Time complexity would be in considering each card in order, one by one, and comparing each with each remaining card (card 2 has already been checked against card 1), which makes it n!, not good... but this is where the "should" comes in. There must be some efficient way to remove all cards that do not overlap from consideration, to order cards to make it obvious if they could not possibly overlap other/prior cards, and perhaps to identify or group potentially overlapping cards.

Interesting problem.

Answer 4

Here's an idea that is not perfect but is practically useful. You design an algorithm that depends on an accuracy measure epsilon (eps). Imagine you split the space into squares of size eps x eps. Now you want to count the number of squares lying inside the cards. Let the number of cards be n and let the sides of the cards be h and w.

Here is a naive way to do it:

S = {} // Hashset
for every card:
   for x in [min x value of card, max x value of card] step eps:
       for y in [min y value of card, max y value of card] step eps:
           if (x, y) is in the card:
               S.add((x, y))
return size(S) * eps * eps

The algorithm runs in O(n * (S/eps)^2) and the error is strongly bounded by (2 * S * n * eps), therefore the relative error is at most (2 * eps * n / S).
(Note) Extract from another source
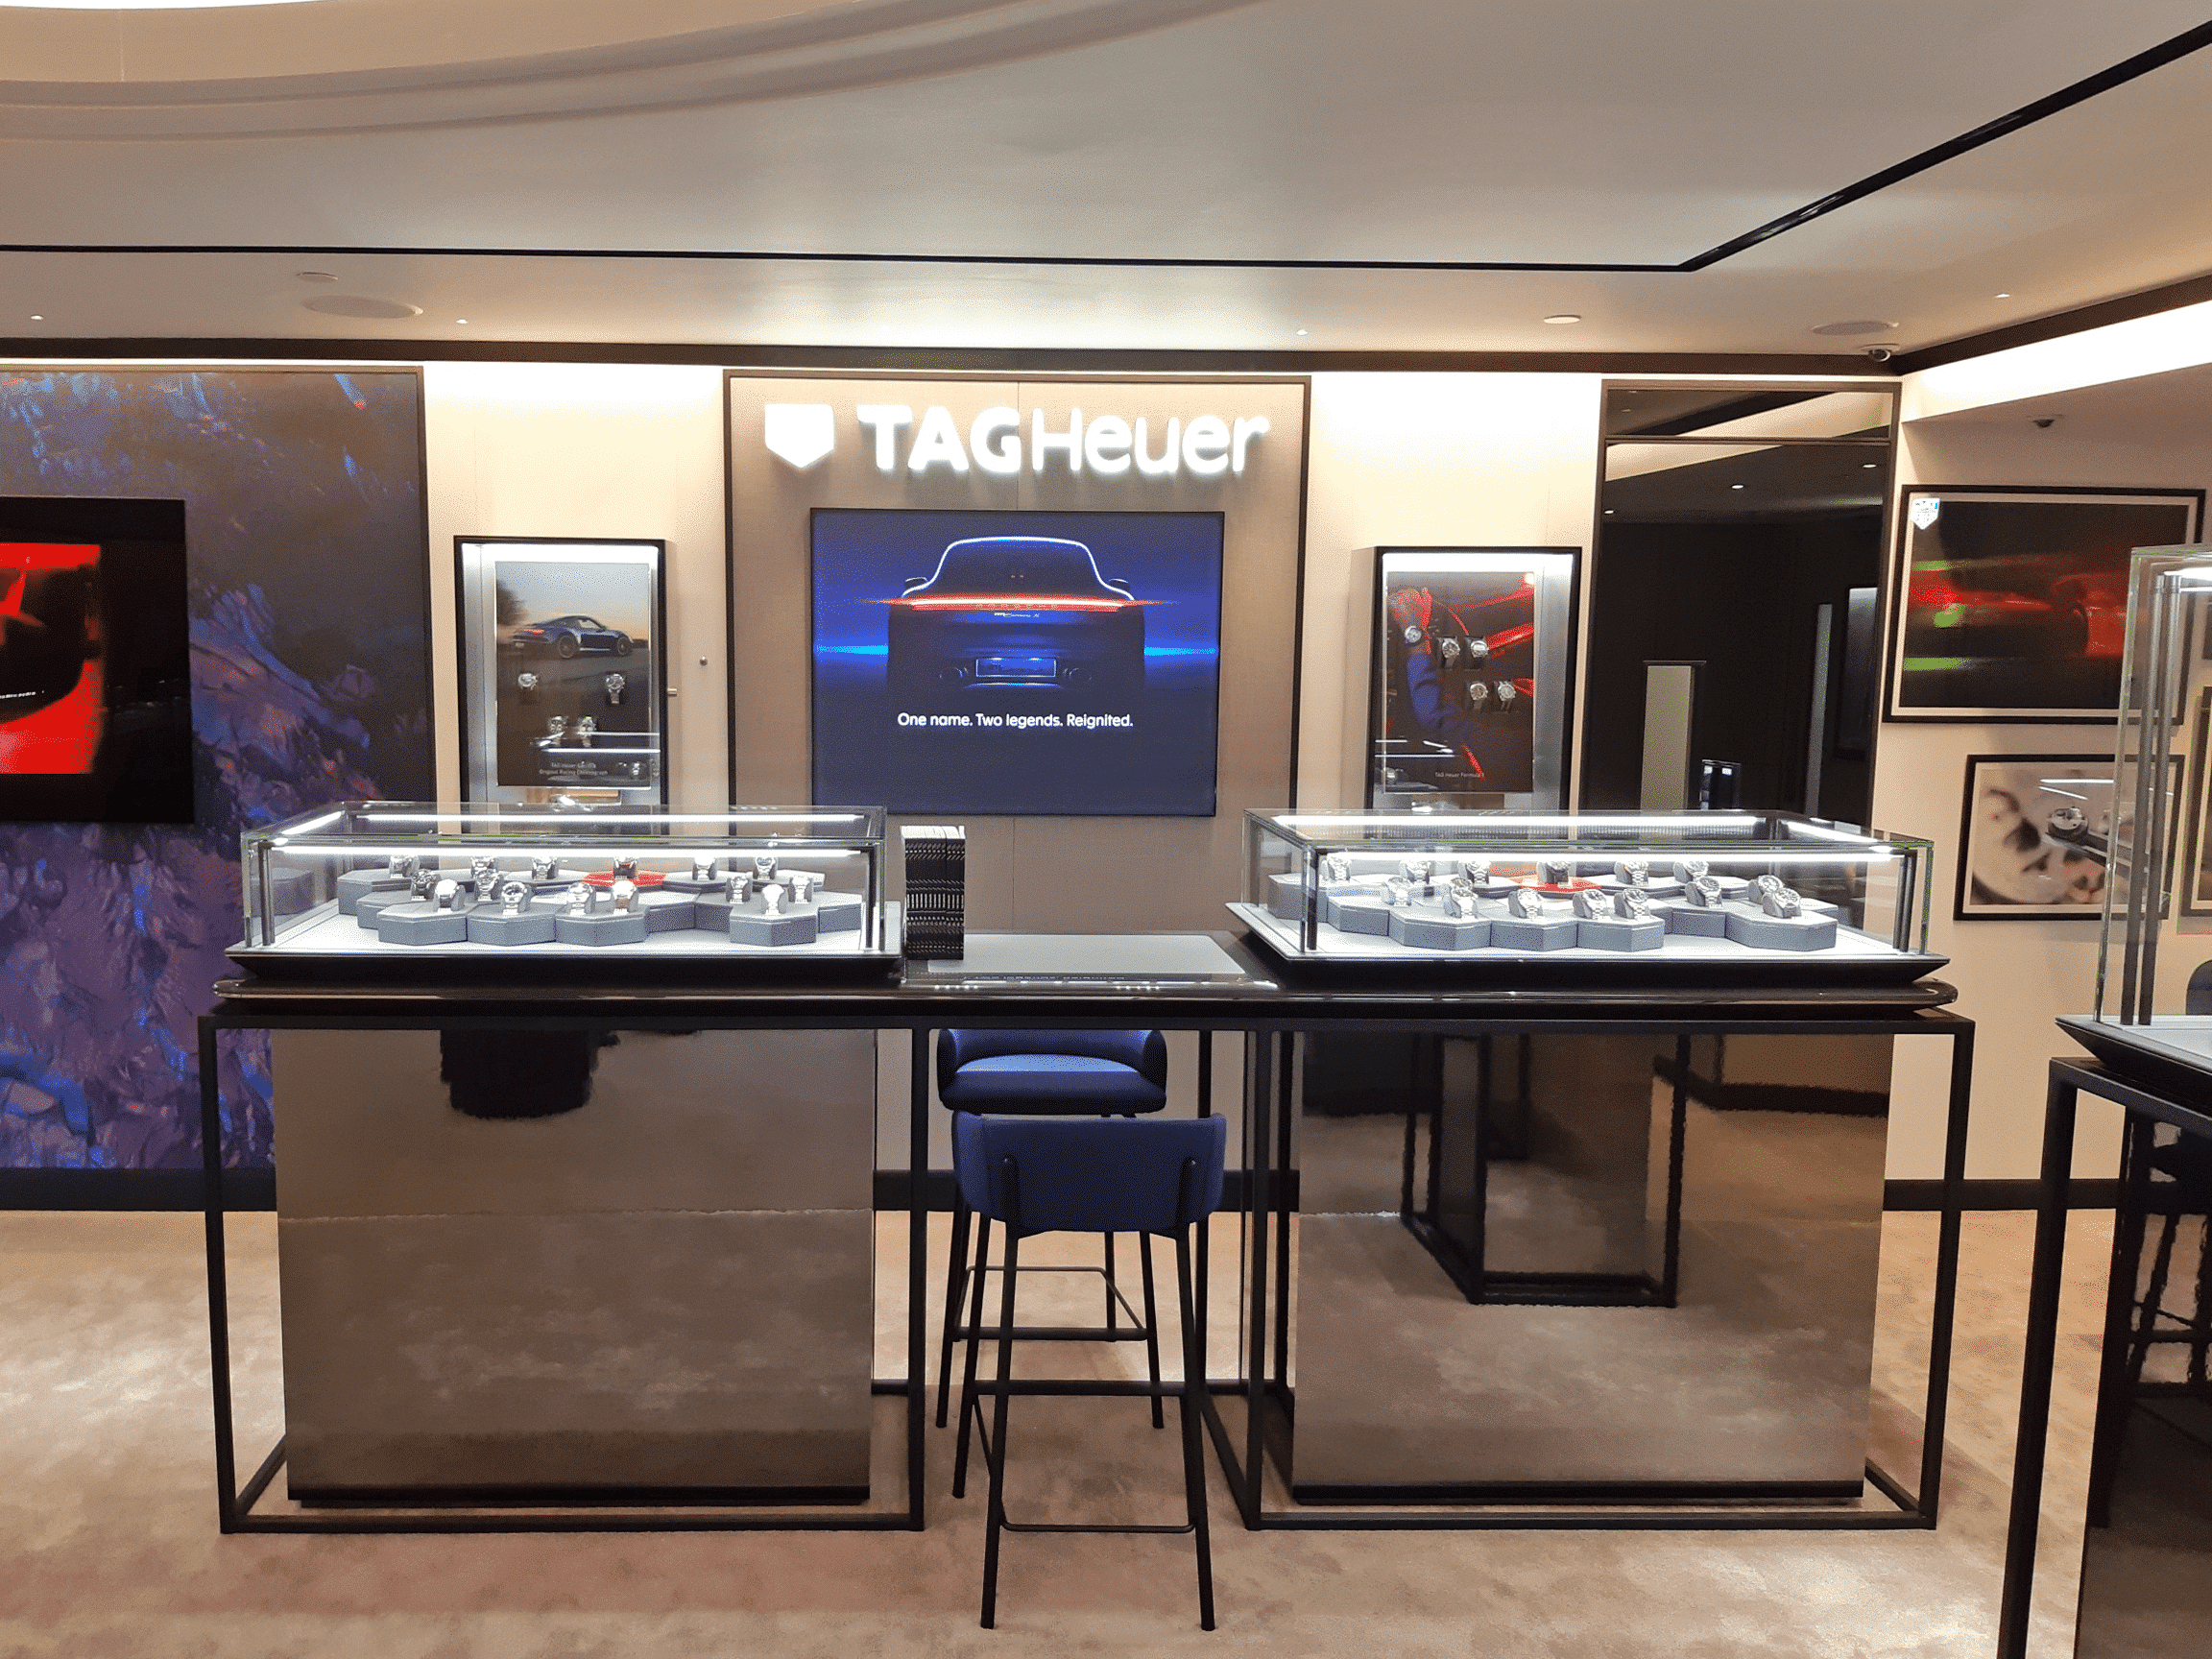 display case for exclusive watches for TAG Heuer shopfitting in Harrods London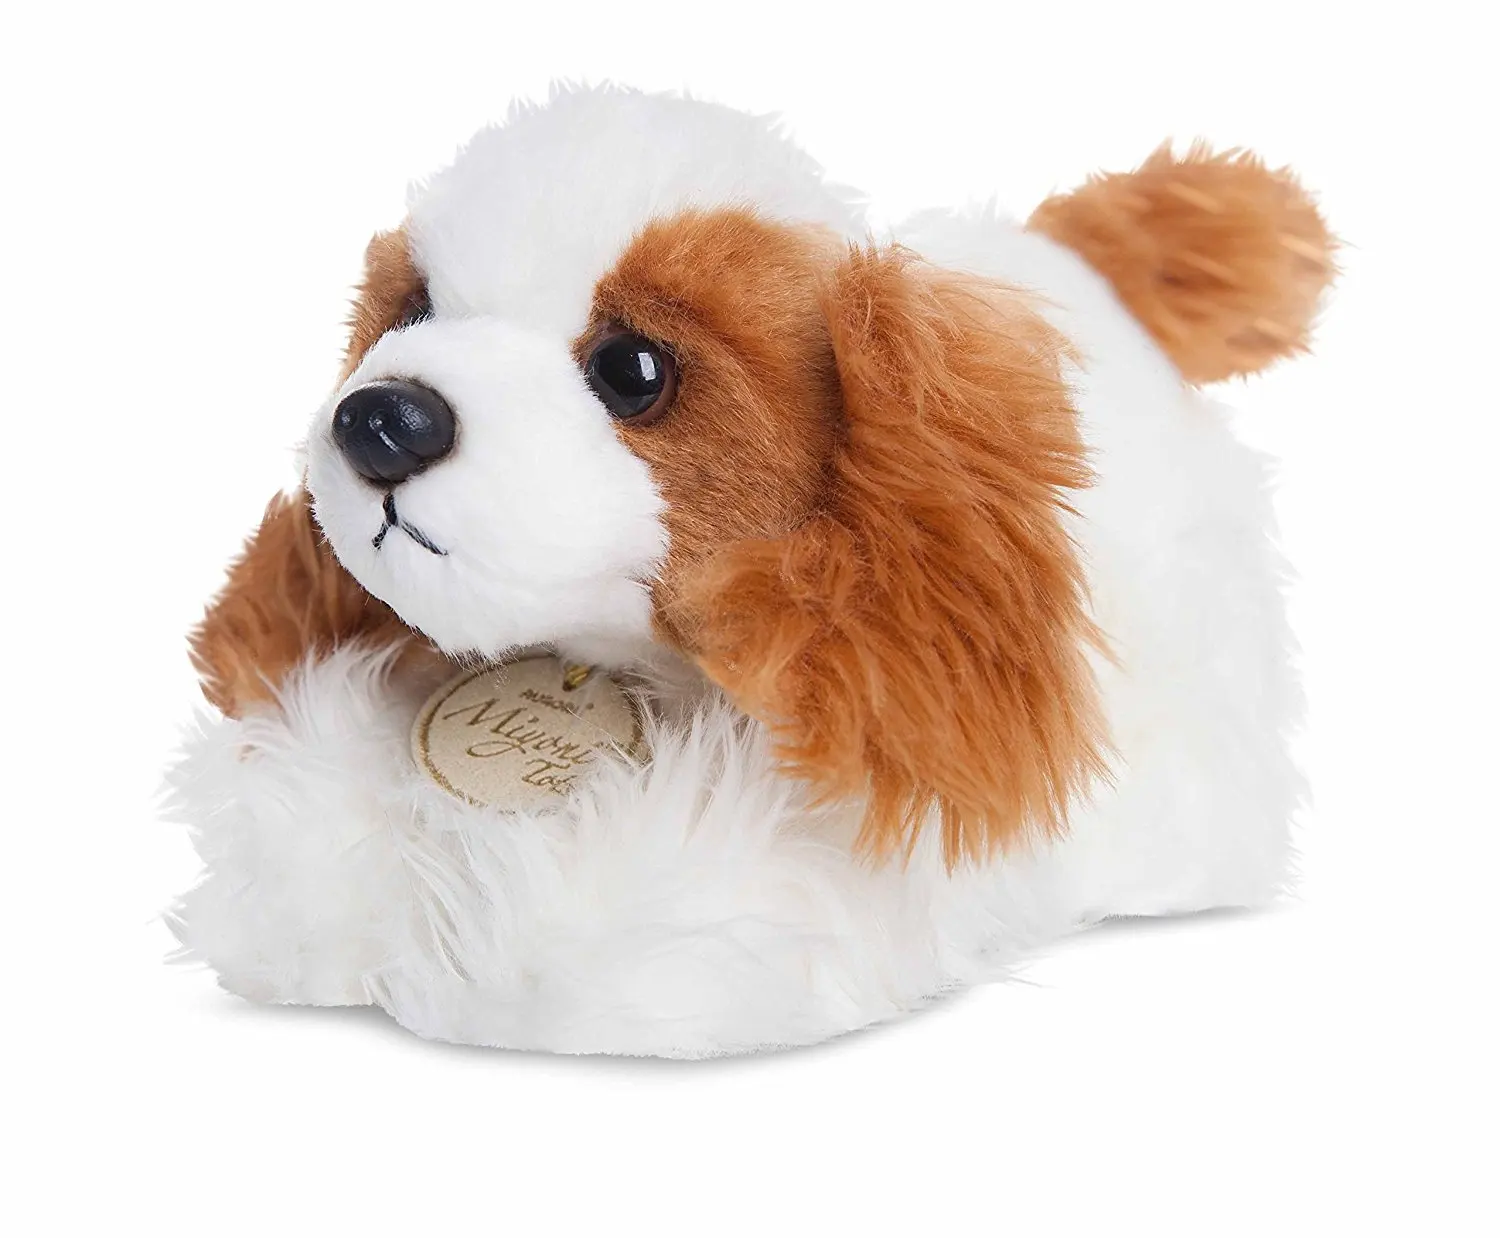 Cheap Spaniel Soft Toy Find Spaniel Soft Toy Deals On Line At Alibaba Com

So for example, to guarantee an error of less than 1%, you have to choose eps less than S / (200 n) and the algorithm runs in about 200^2 * n^3 steps.

Answer 5

This could be done easily using the union-intersection formula (size of A union B union C = A + B + C - AB - AC - BC + ABC, etc), but that would result in an O(n!) algorithm. There is another, more complicated way that results in O(n^2 (log n)^2).

---

Store each card as a polygon + its area in a list. Compare each polygon in the list to every other polygon. If they intersect, remove them both from the list, and add their union to the list. Continue until no polygons intersect. Sum their areas to find the total area.

The polygons can be concave and have holes, so computing their intersection is not easy. However, there are algorithms (and libraries) available to compute it in O(k log k), where k is the number of vertices. Since the number of vertices can be on the order of n, this means computing the intersection is O(n log n).

Comparing every polygon to every other polygon is O(n^2). However, we can use an O(n log n) sweeping algorithm to find nearest polygons instead, making the overall algorithm O((n log n)^2) = O(n^2 (log n)^2).